Nemesis: Noise-randomized Encryption with Modular Efficiency and Secure Integration in Machine Learning Systems
This work addresses the problem of making privacy-preserving ML systems more practical for large-scale applications, though it is incremental as it builds on prior caching techniques.
The paper tackles the computational inefficiency of Fully Homomorphic Encryption (FHE) in machine learning systems by proposing Nemesis, a framework that accelerates FHE-based operations without compromising accuracy or security, achieving significant reductions in computational overhead as demonstrated on datasets like MNIST, FashionMNIST, and CIFAR-10.

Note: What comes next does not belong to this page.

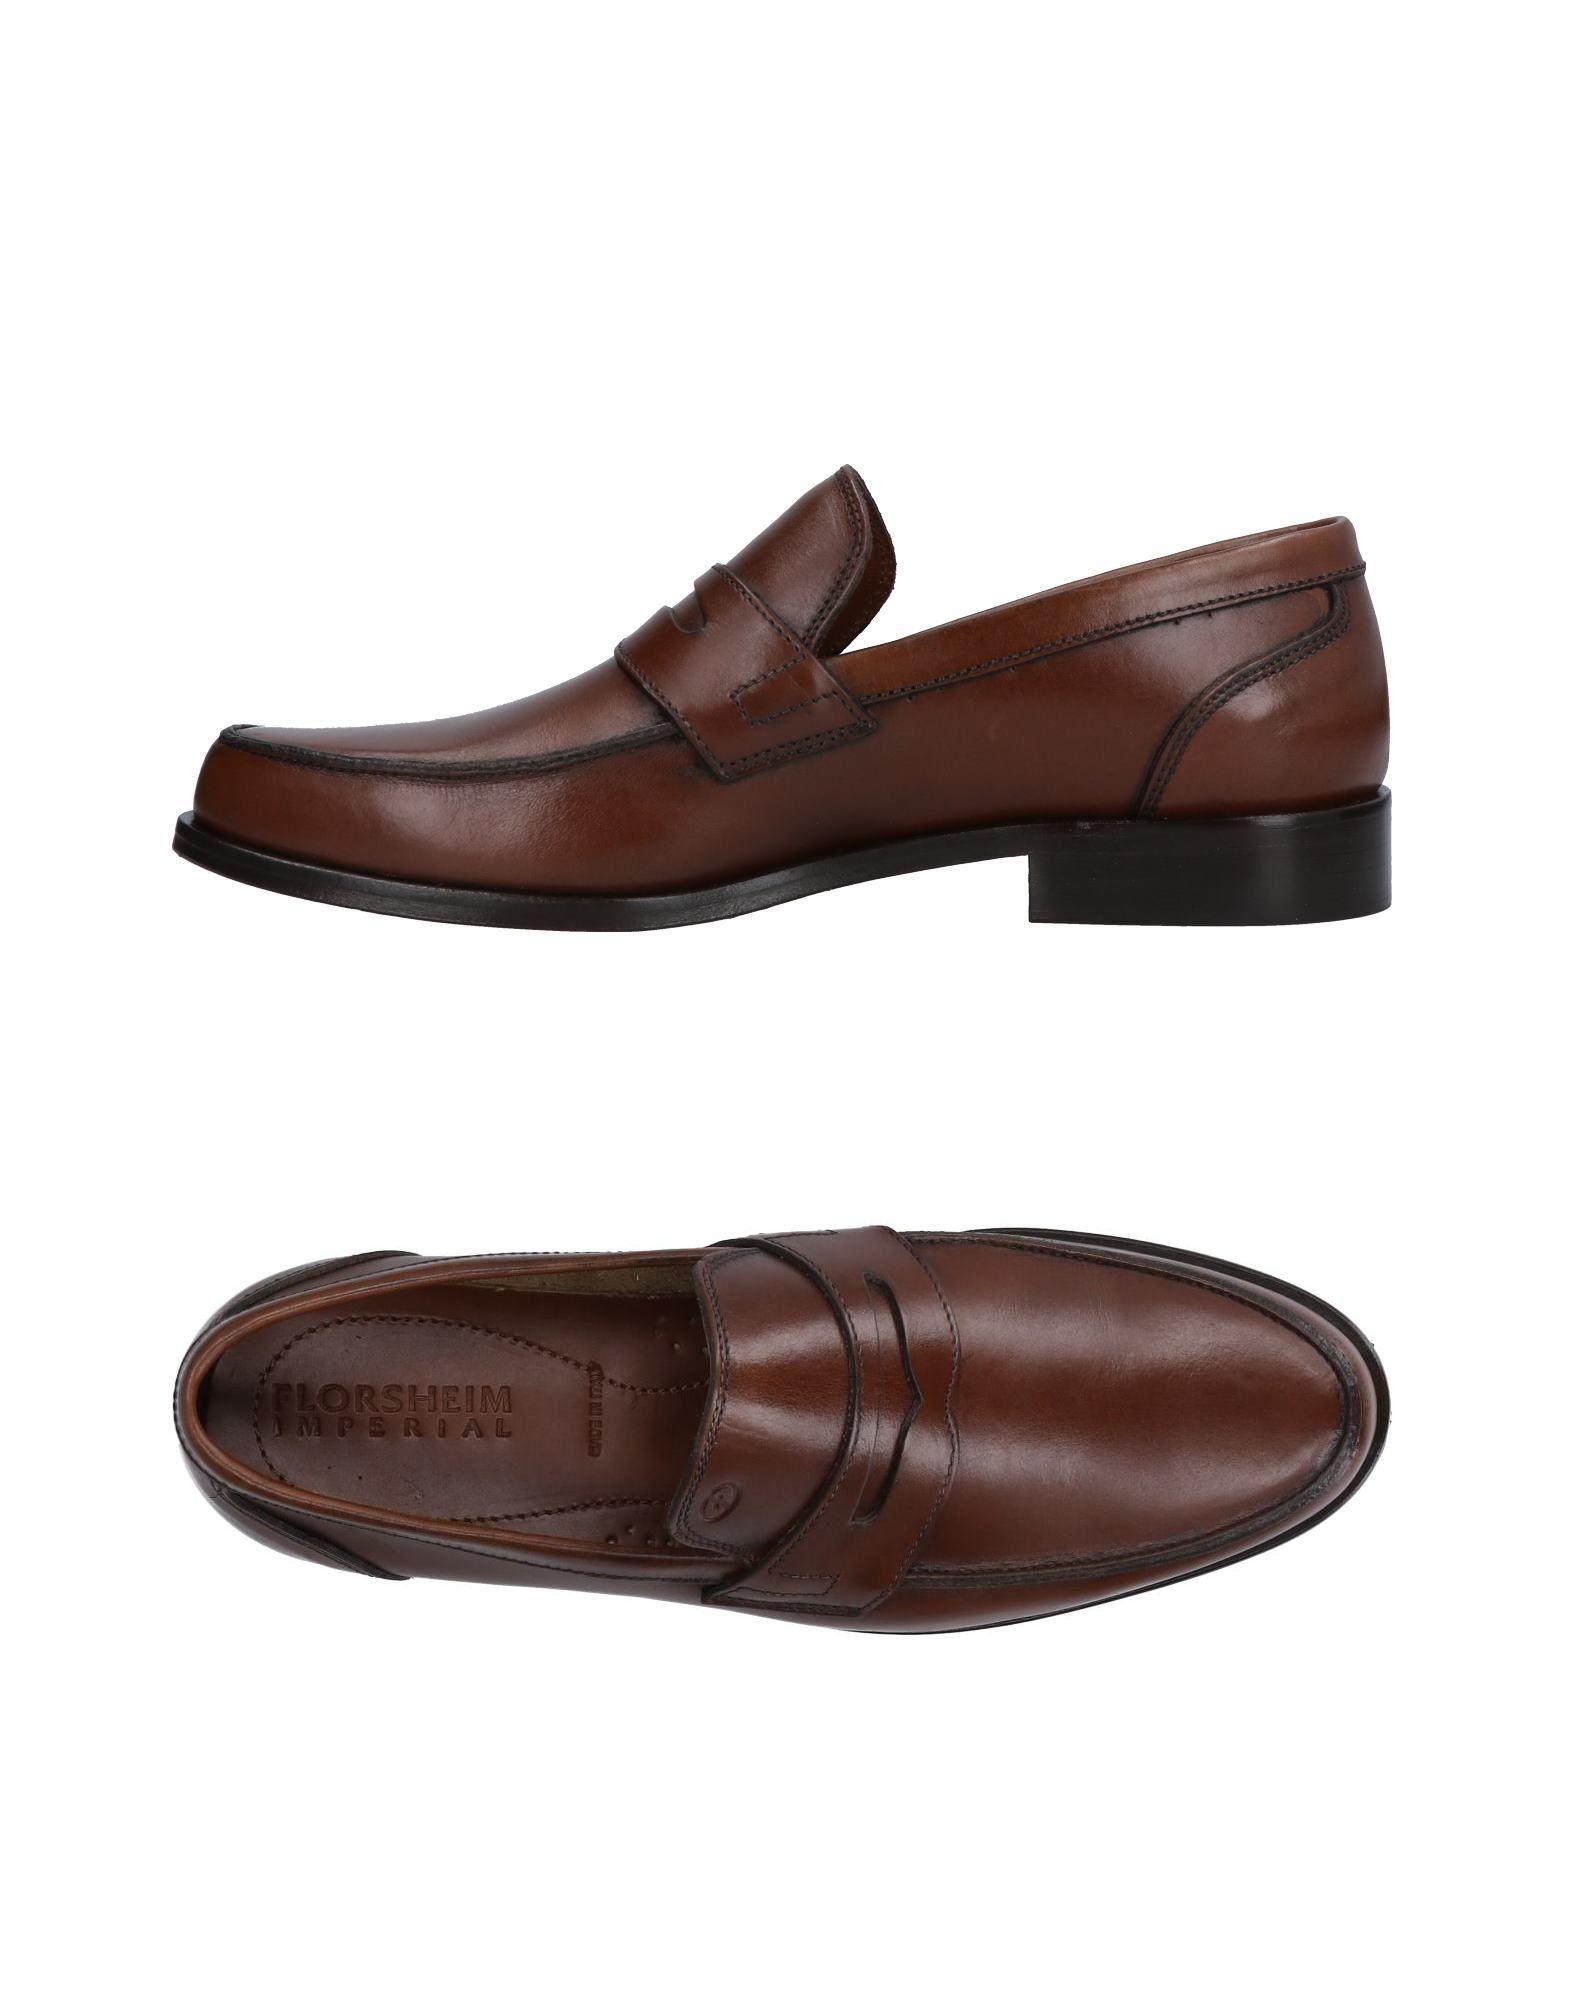 Florsheim Imperial Imperial Loafers - Men Florsheim Imperial Imperial Loafers online on  Canada - 11506164IC 8d8831

Machine learning (ML) systems that guarantee security and privacy often rely on Fully Homomorphic Encryption (FHE) as a cornerstone technique, enabling computations on encrypted data without exposing sensitive information. However, a critical limitation of FHE is its computational inefficiency, making it impractical for large-scale applications. In this work, we propose \textit{Nemesis}, a framework that accelerates FHE-based systems without compromising accuracy or security. The design of Nemesis is inspired by Rache (SIGMOD'23), which introduced a caching mechanism for encrypted integers and scalars. Nemesis extends this idea with more advanced caching techniques and mathematical tools, enabling efficient operations over multi-slot FHE schemes and overcoming Rache's limitations to support general plaintext structures. We formally prove the security of Nemesis under standard cryptographic assumptions and evaluate its performance extensively on widely used datasets, including MNIST, FashionMNIST, and CIFAR-10. Experimental results show that Nemesis significantly reduces the computational overhead of FHE-based ML systems, paving the way for broader adoption of privacy-preserving technologies.